*Source data*

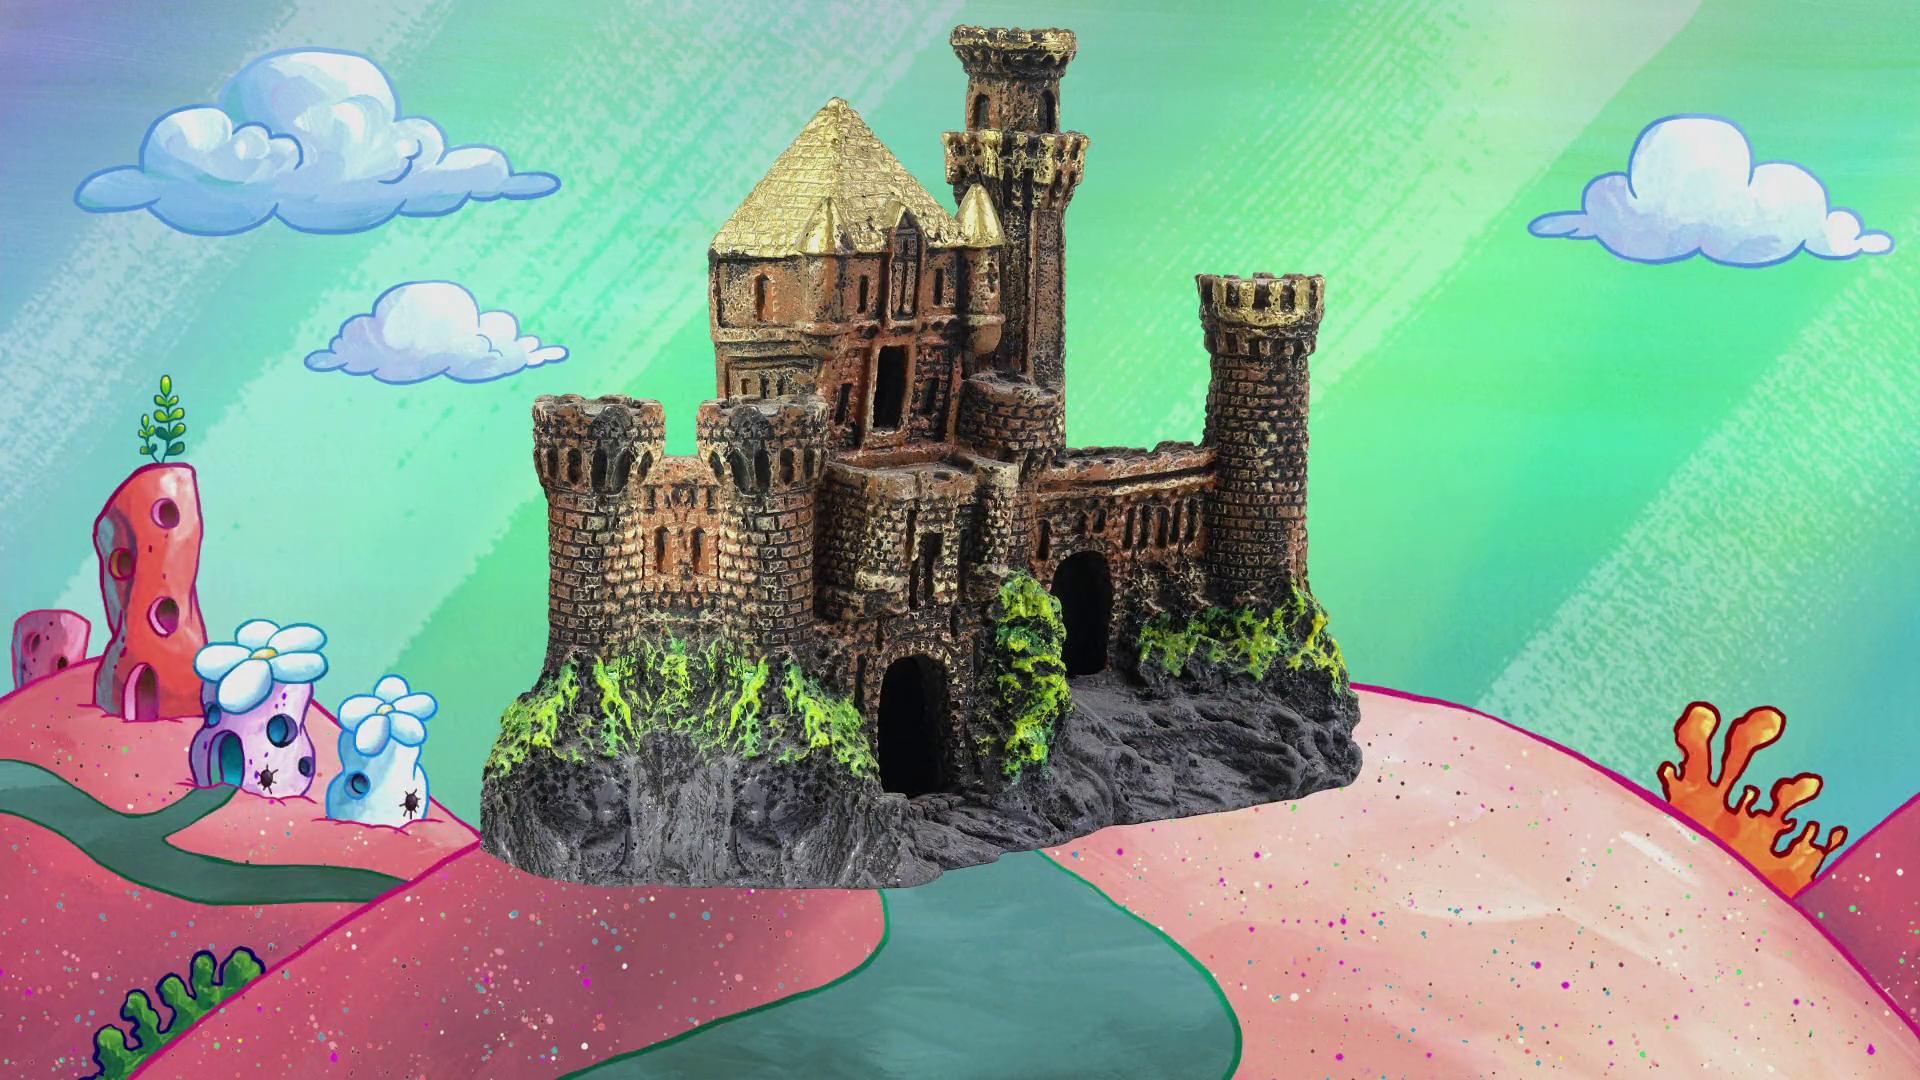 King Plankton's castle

* * *

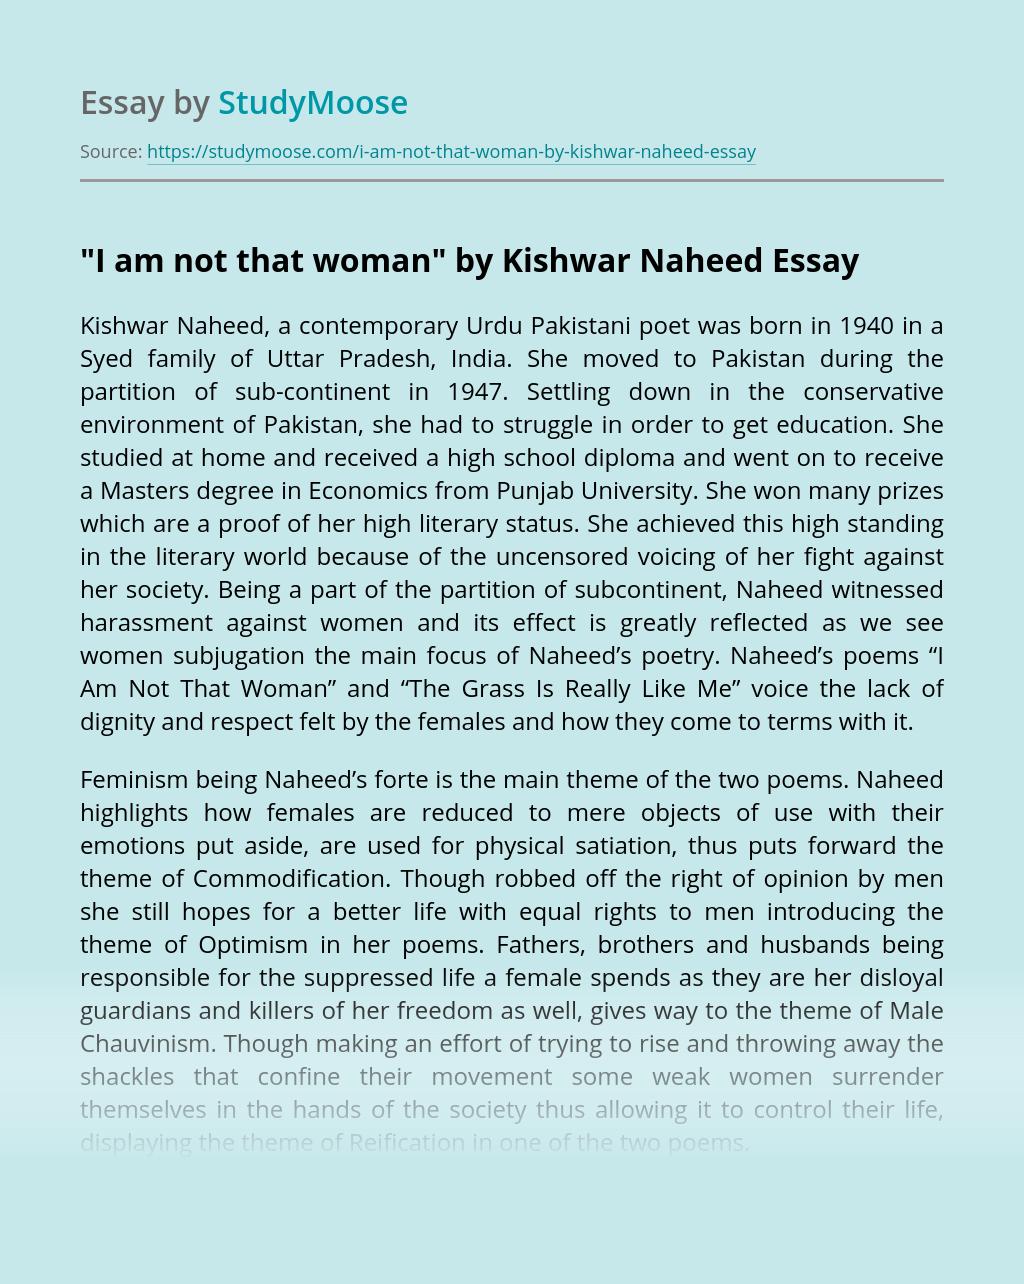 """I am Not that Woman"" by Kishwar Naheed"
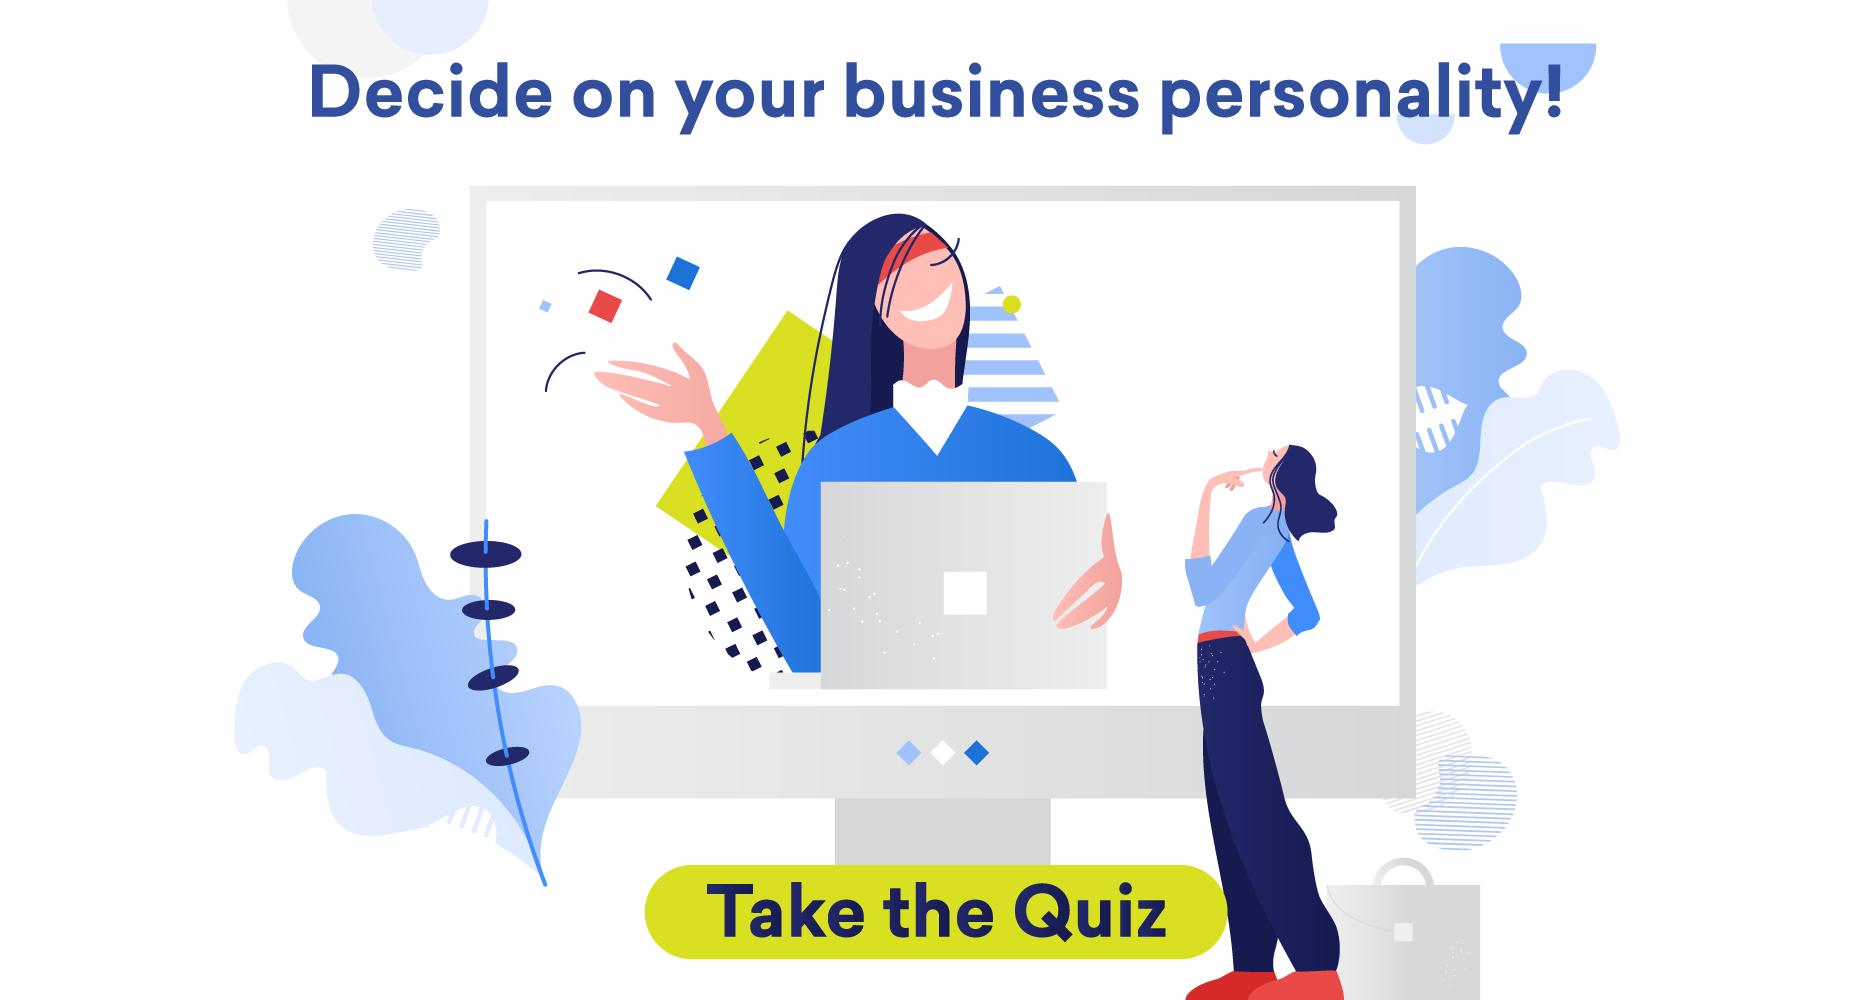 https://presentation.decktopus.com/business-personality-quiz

*Problem to work on*
Of the lines above, quote exactly those from the one with "am Not that" through the one with "https://presentation.decktopus.com/business-personality-quiz", ends included; pictures stay out.

*Exercise output*
 """I am Not that Woman"" by Kishwar Naheed"
 https://presentation.decktopus.com/business-personality-quiz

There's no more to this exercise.